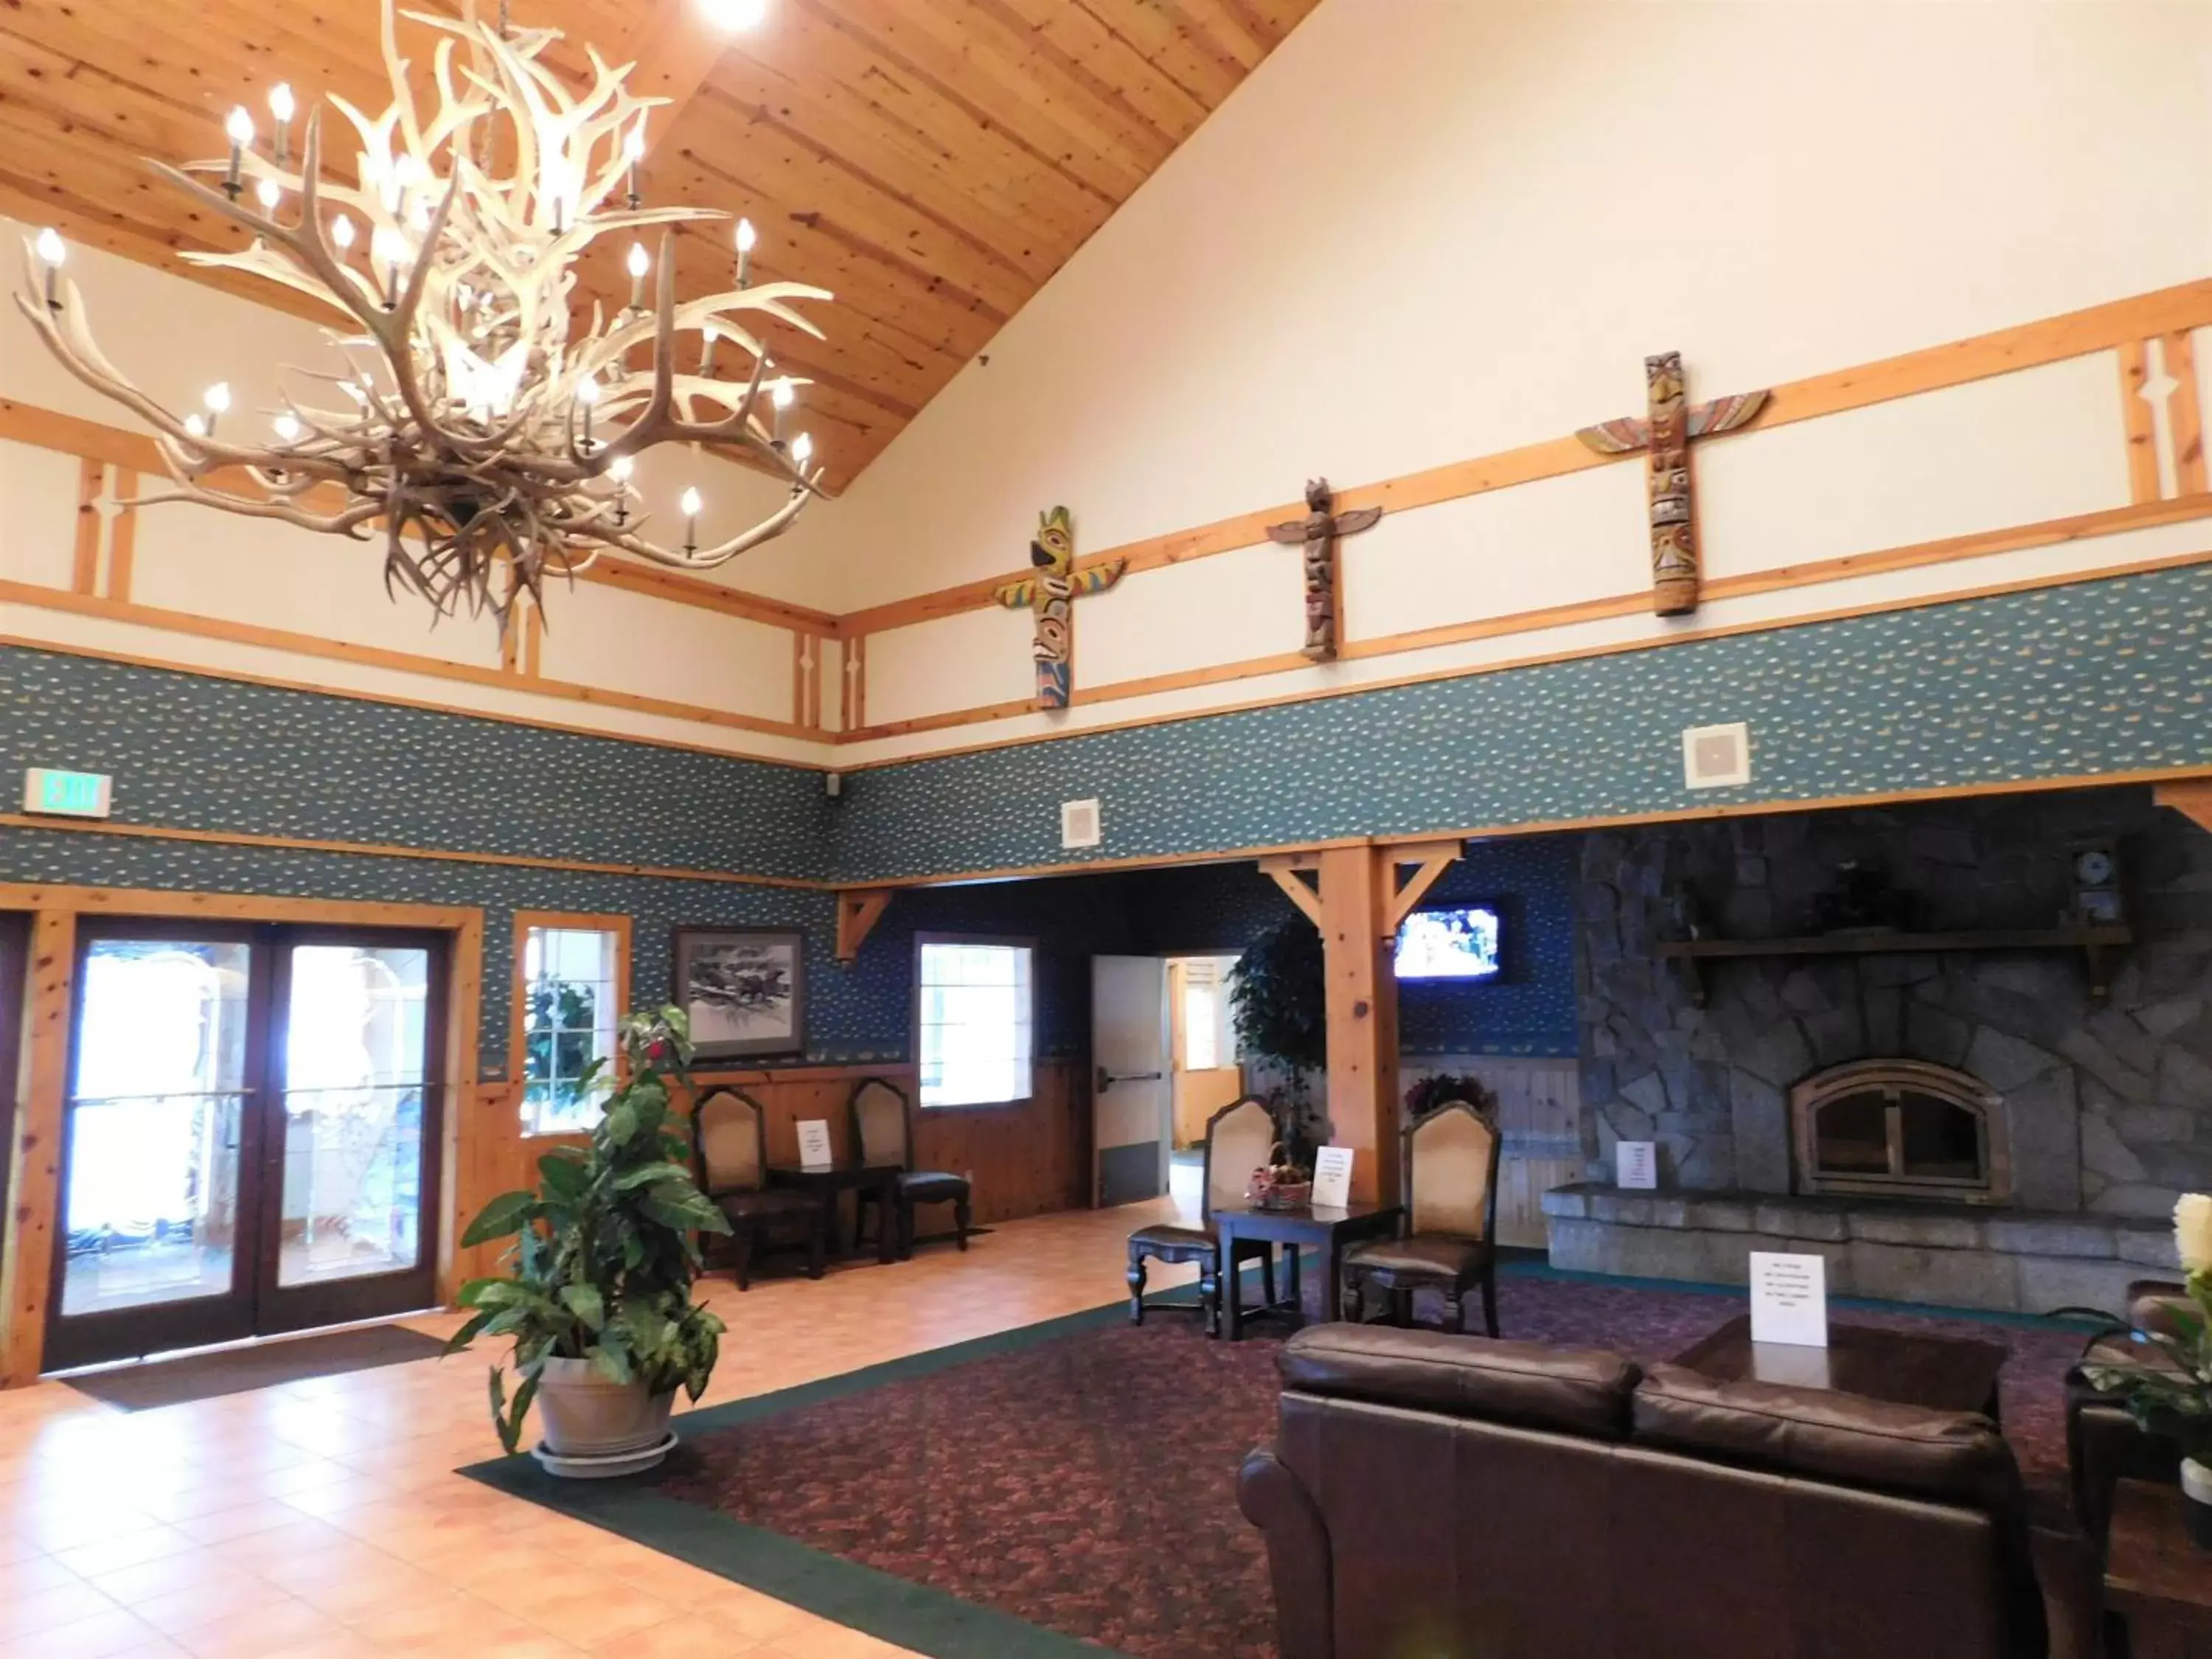 Lobby or reception, Lobby/Reception in The Summit Inn
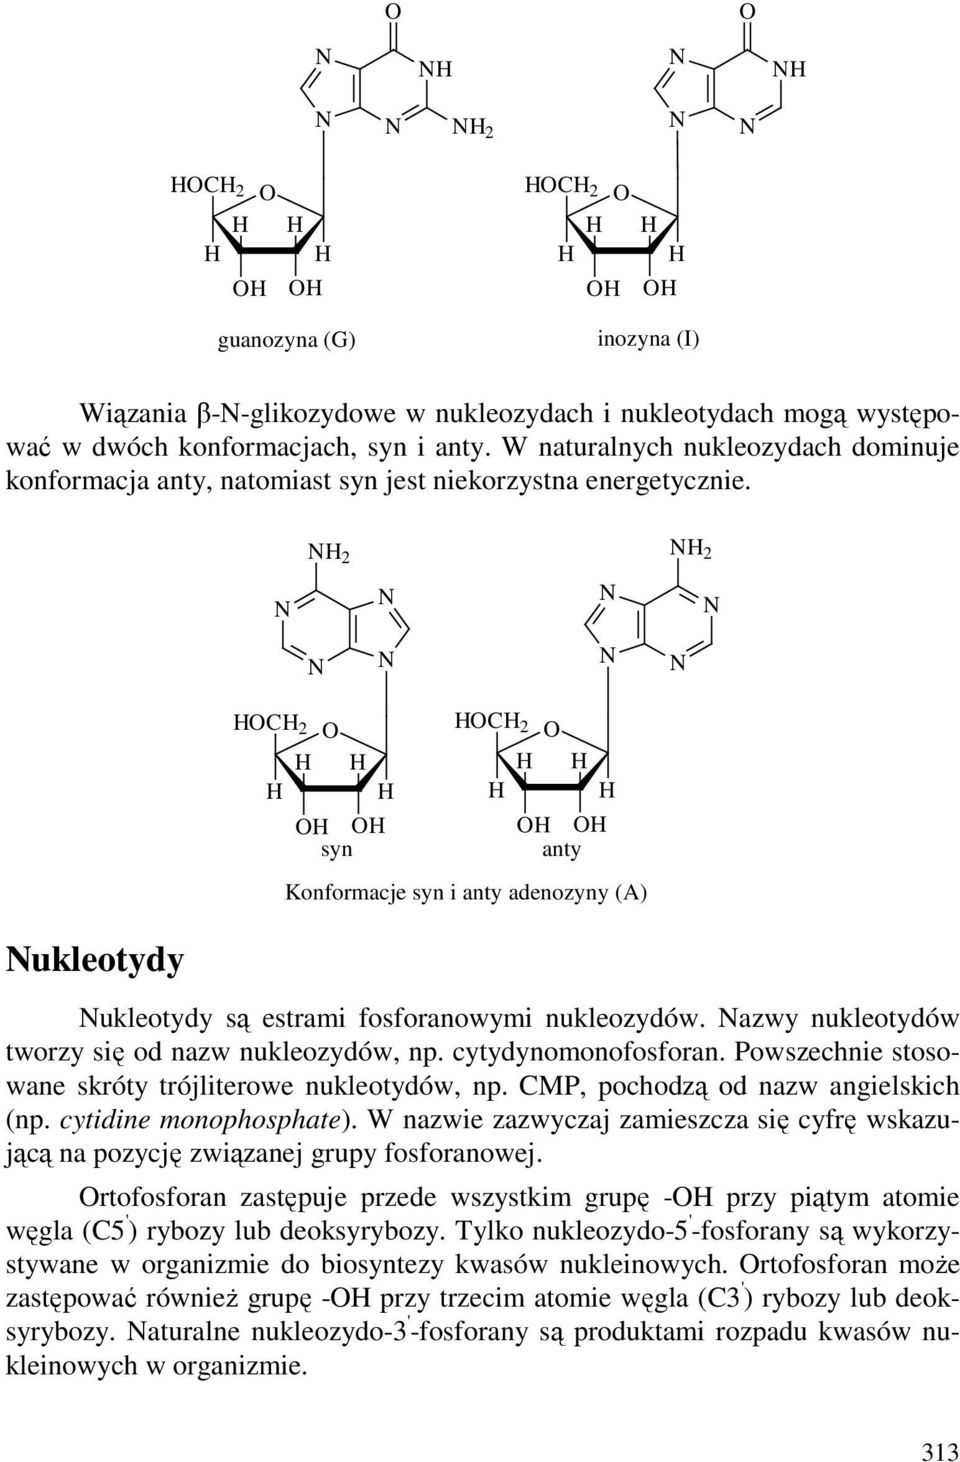 2 2 C 2 C 2 syn anty Konformacje syn i anty adenozyny (A) ukleotydy ukleotydy są estrami fosforanowymi nukleozydów. azwy nukleotydów tworzy się od nazw nukleozydów, np. cytydynomonofosforan.
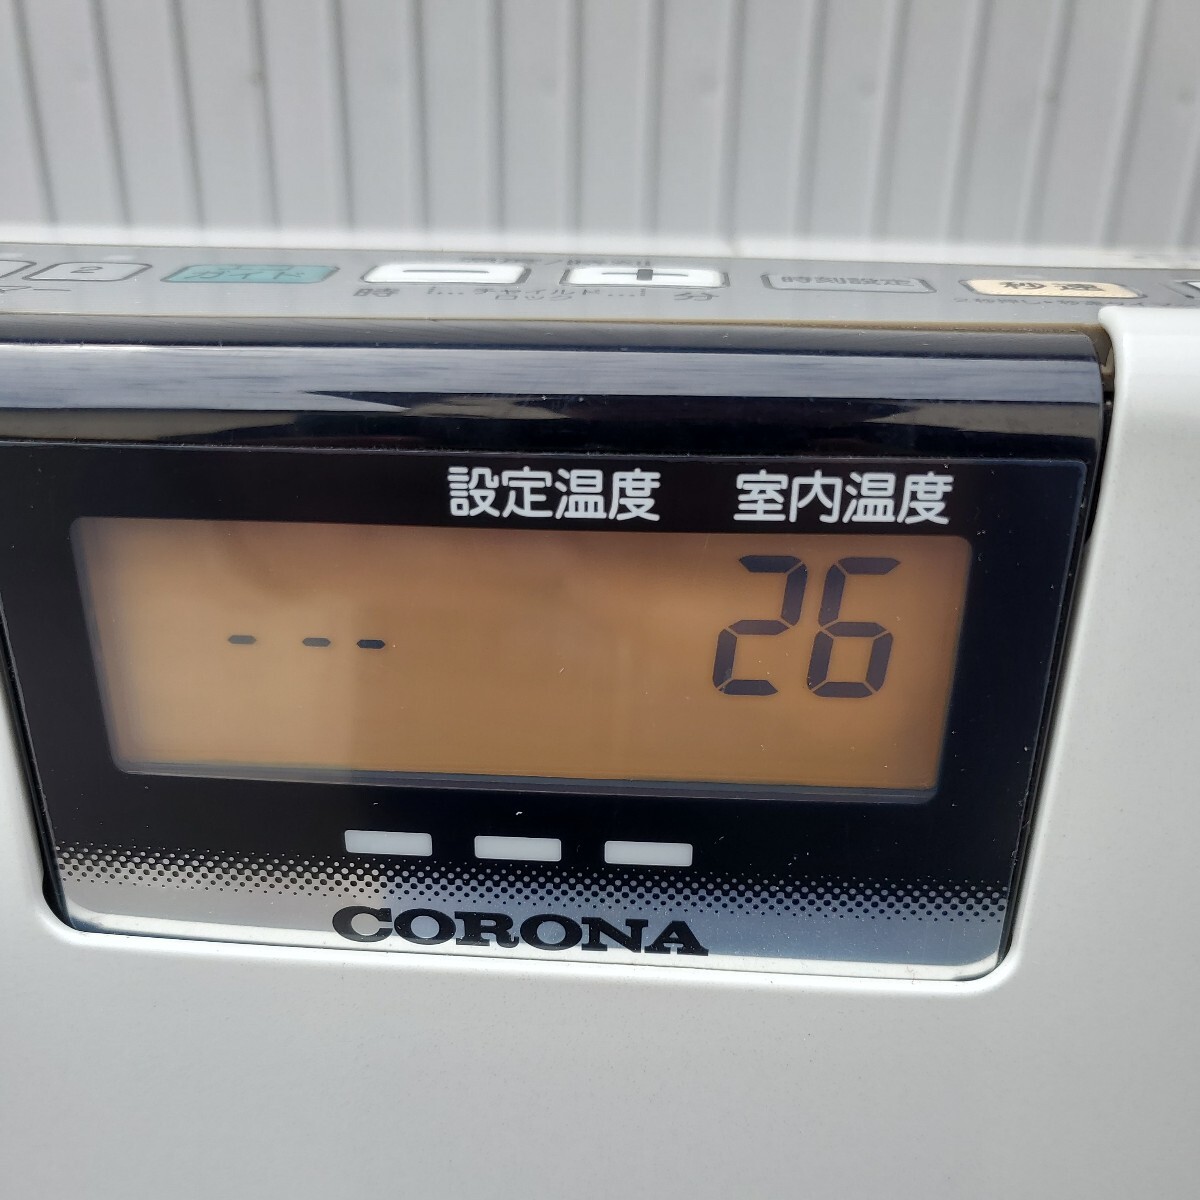  нагревательный прибор керосиновый тепловентилятор CORONA Corona FH-EX5714BY бак емкость 7.2L 14 год производства 
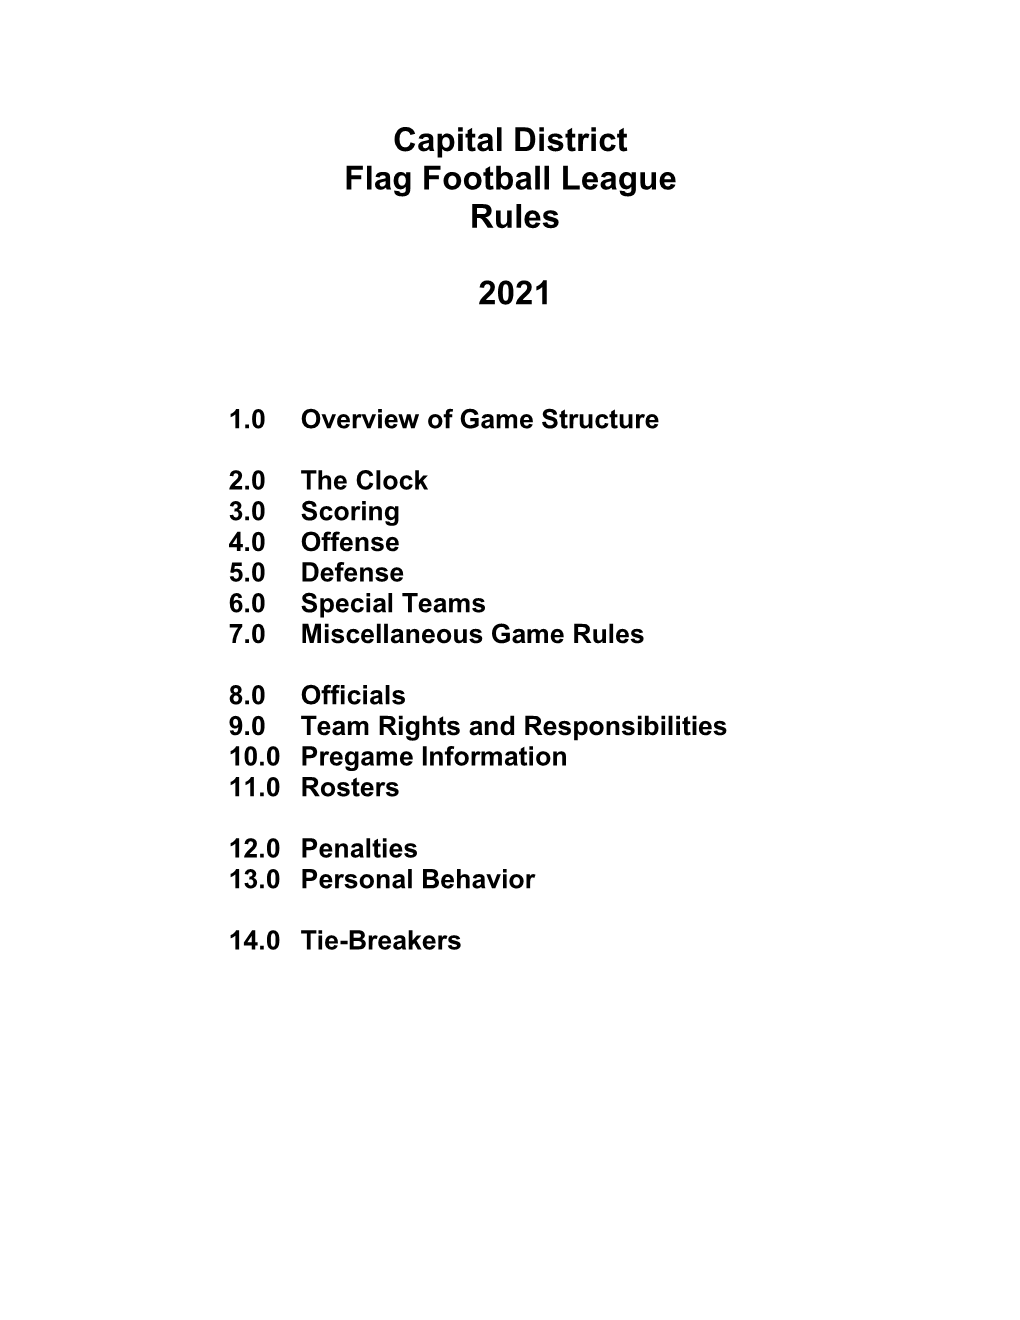 Capital District Flag Football League Rules 2021

__________

A word-for-word copy of the lines from the one with "нагревательный прибор керосиновый" through the last line of the data above is required, with both end lines included and no pictures.

  нагревательный прибор керосиновый тепловентилятор CORONA Corona FH-EX5714BY бак емкость 7.2L 14 год производства 
 Capital District Flag Football League Rules 2021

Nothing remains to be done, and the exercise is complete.